Material for the task:
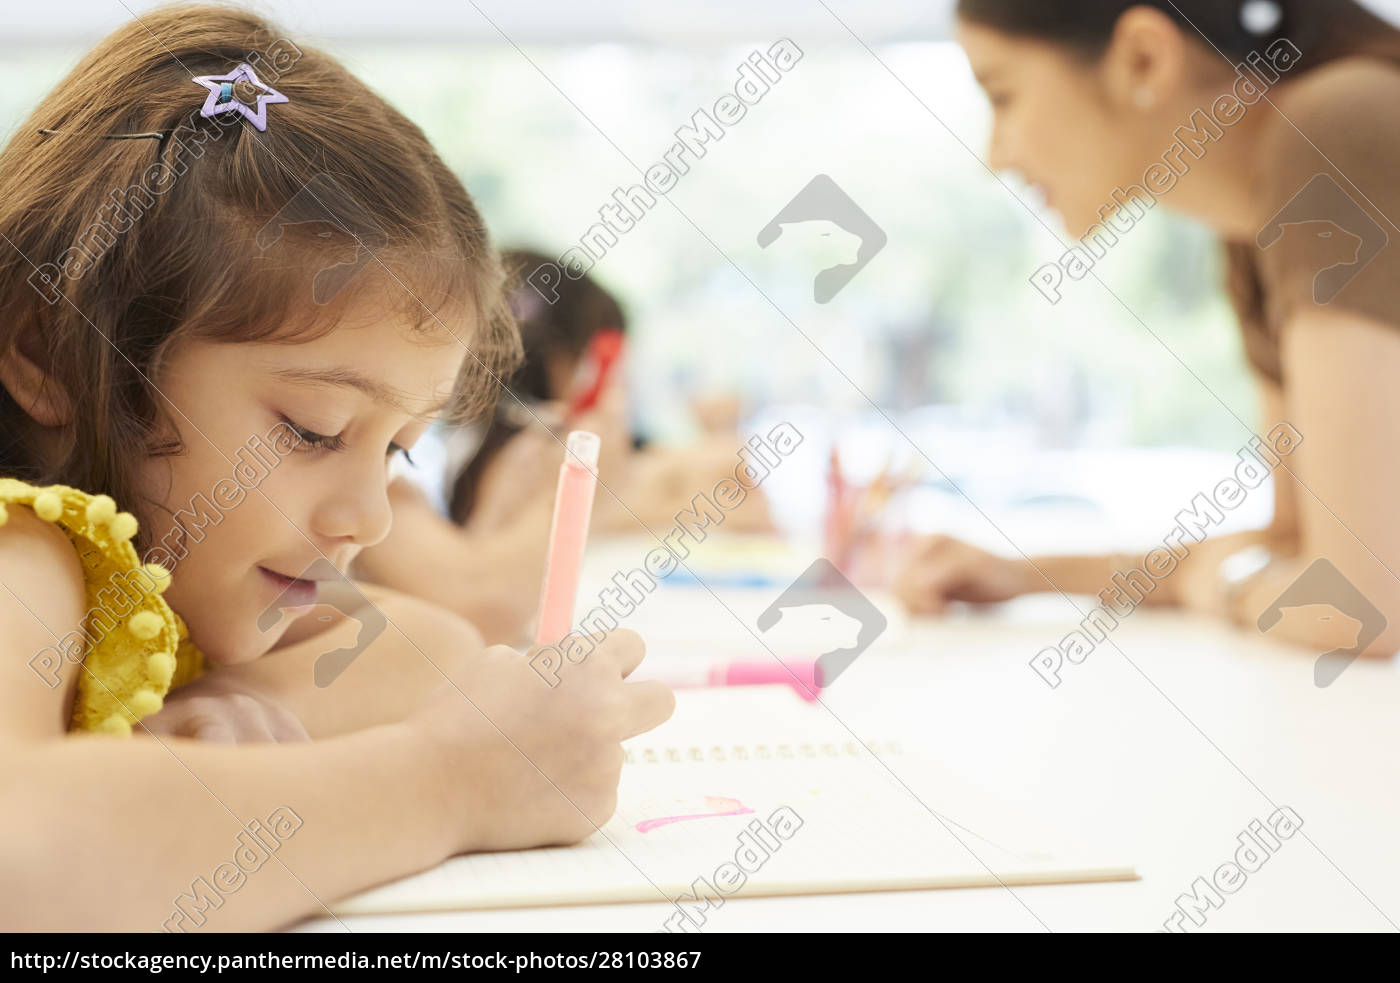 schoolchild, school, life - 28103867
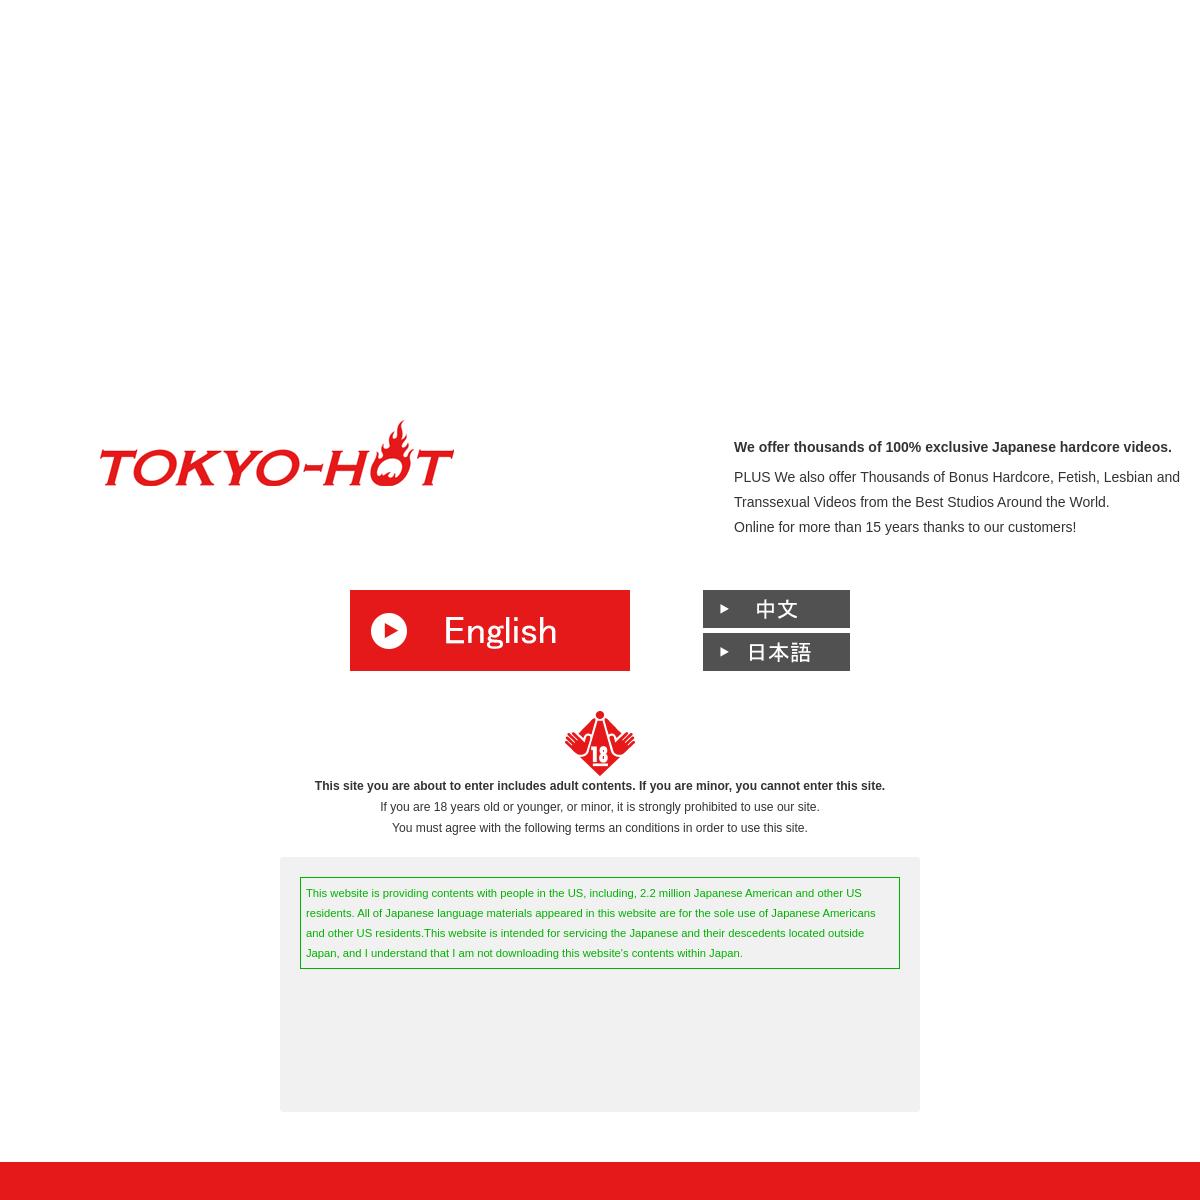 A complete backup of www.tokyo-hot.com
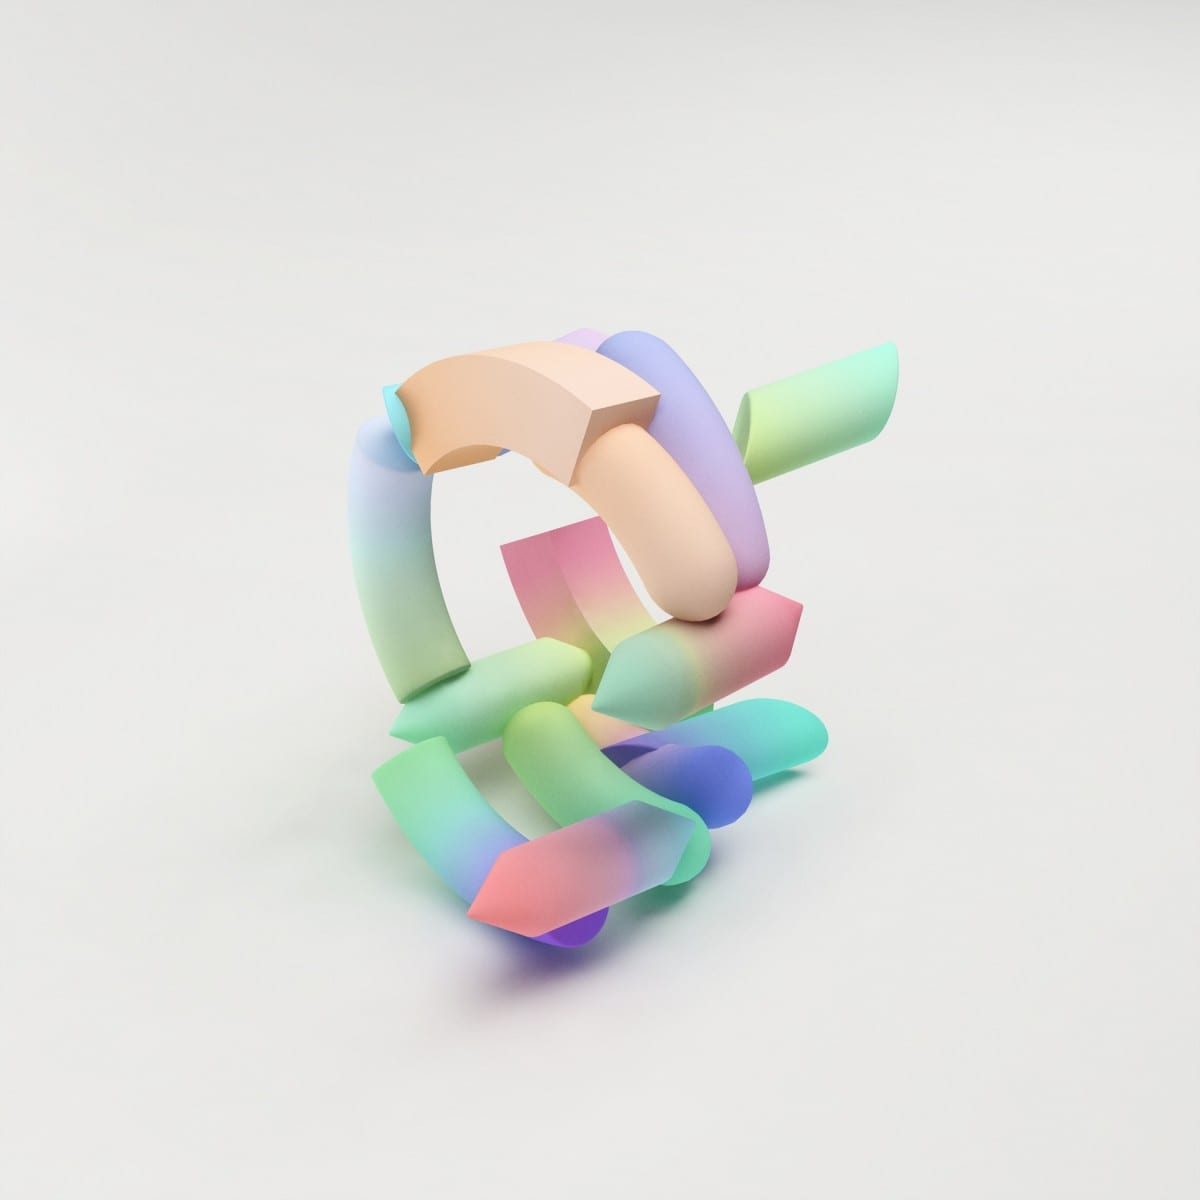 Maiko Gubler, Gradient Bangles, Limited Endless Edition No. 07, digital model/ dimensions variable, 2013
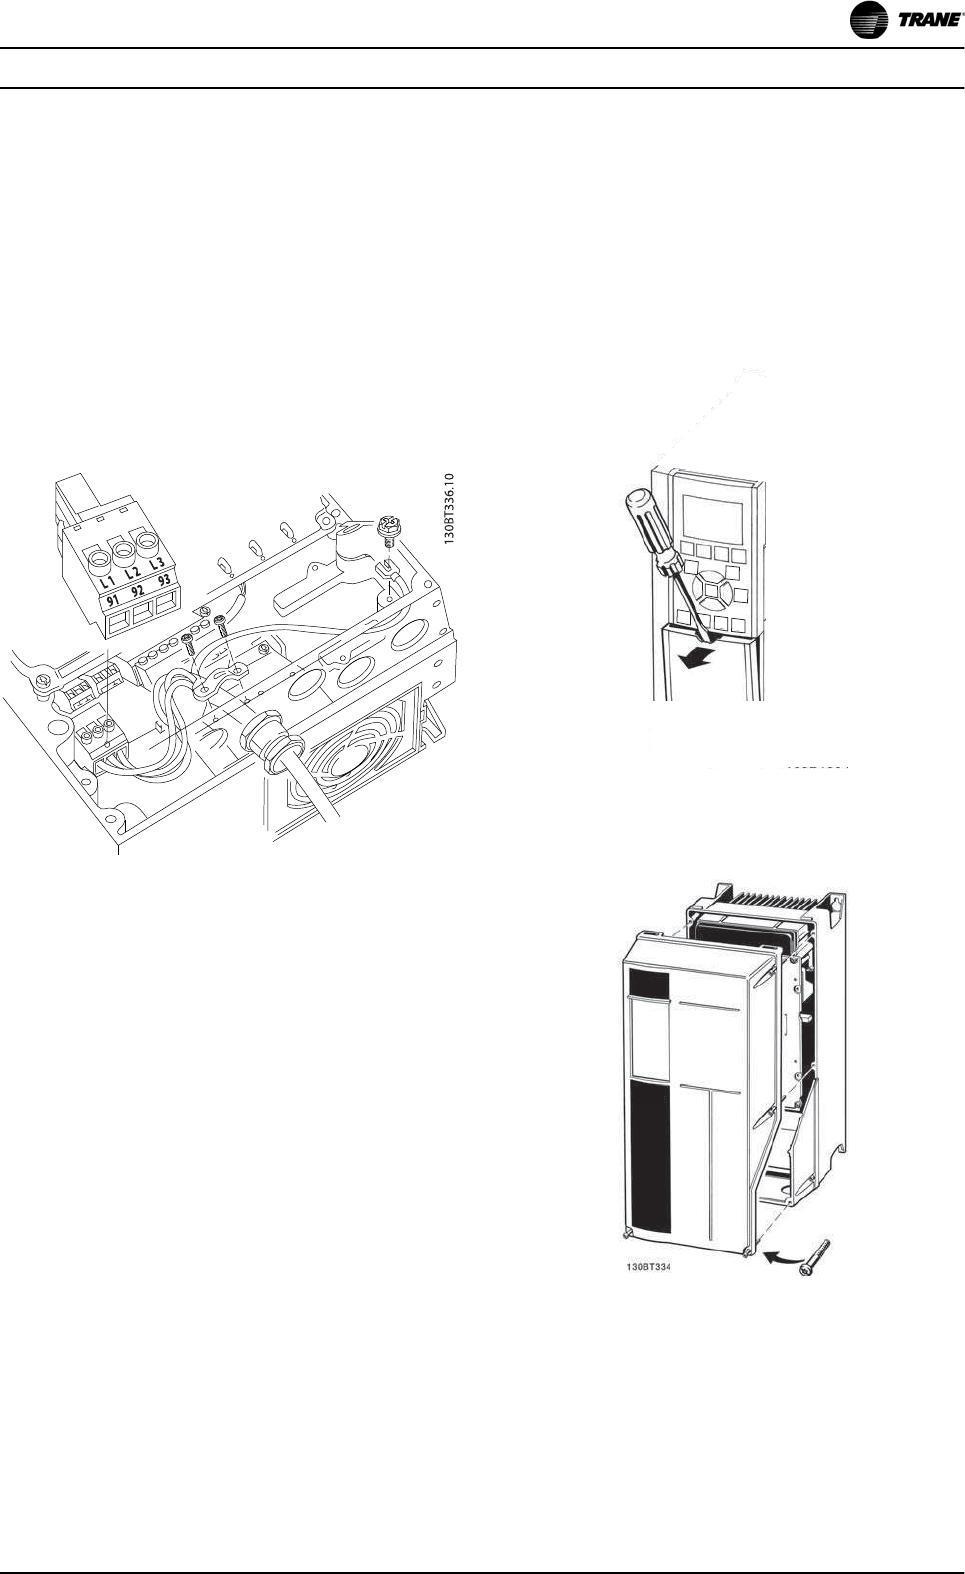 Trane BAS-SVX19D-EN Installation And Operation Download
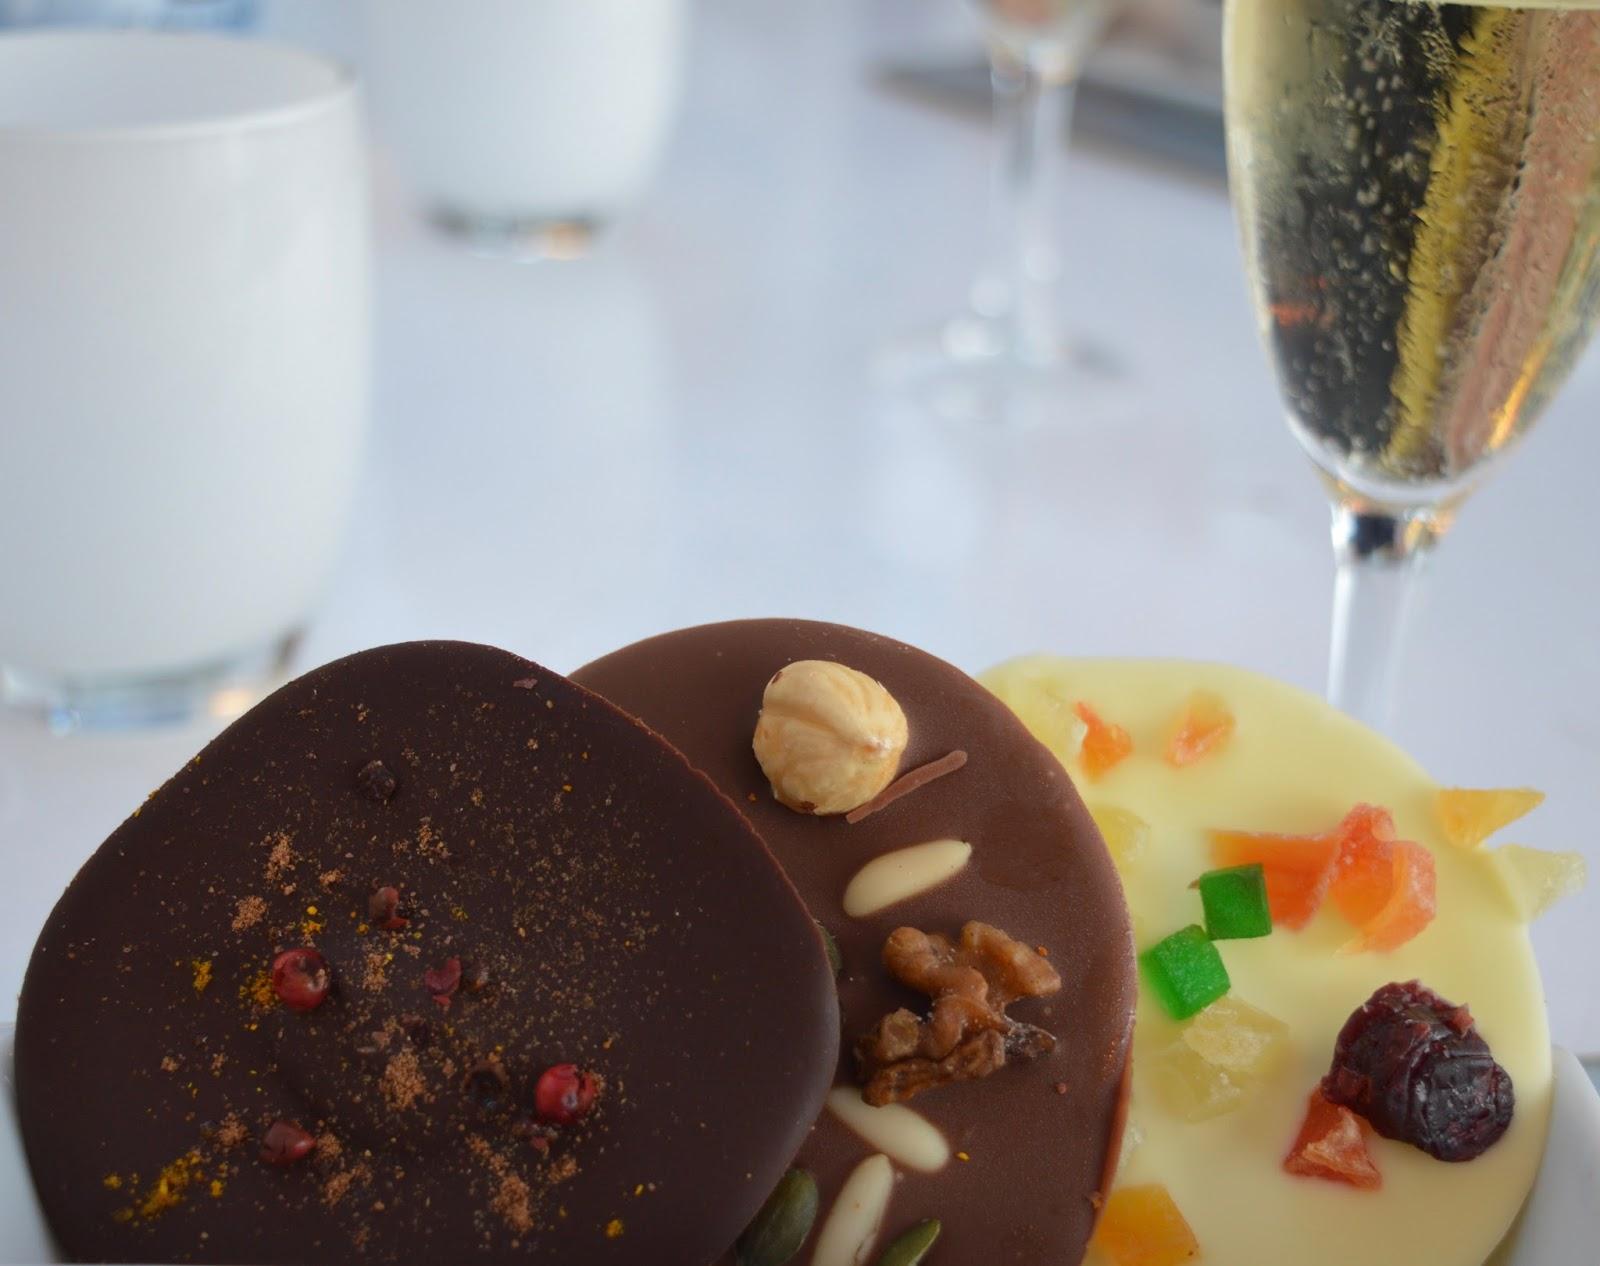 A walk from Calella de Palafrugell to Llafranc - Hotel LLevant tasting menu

Your task: If a record holds a picture, skip the picture and write out everything else exactly.

Result for this task:
 schoolchild, school, life - 28103867
 A complete backup of www.tokyo-hot.com
 Maiko Gubler, Gradient Bangles, Limited Endless Edition No. 07, digital model/ dimensions variable, 2013
 Trane BAS-SVX19D-EN Installation And Operation Download
 A walk from Calella de Palafrugell to Llafranc - Hotel LLevant tasting menu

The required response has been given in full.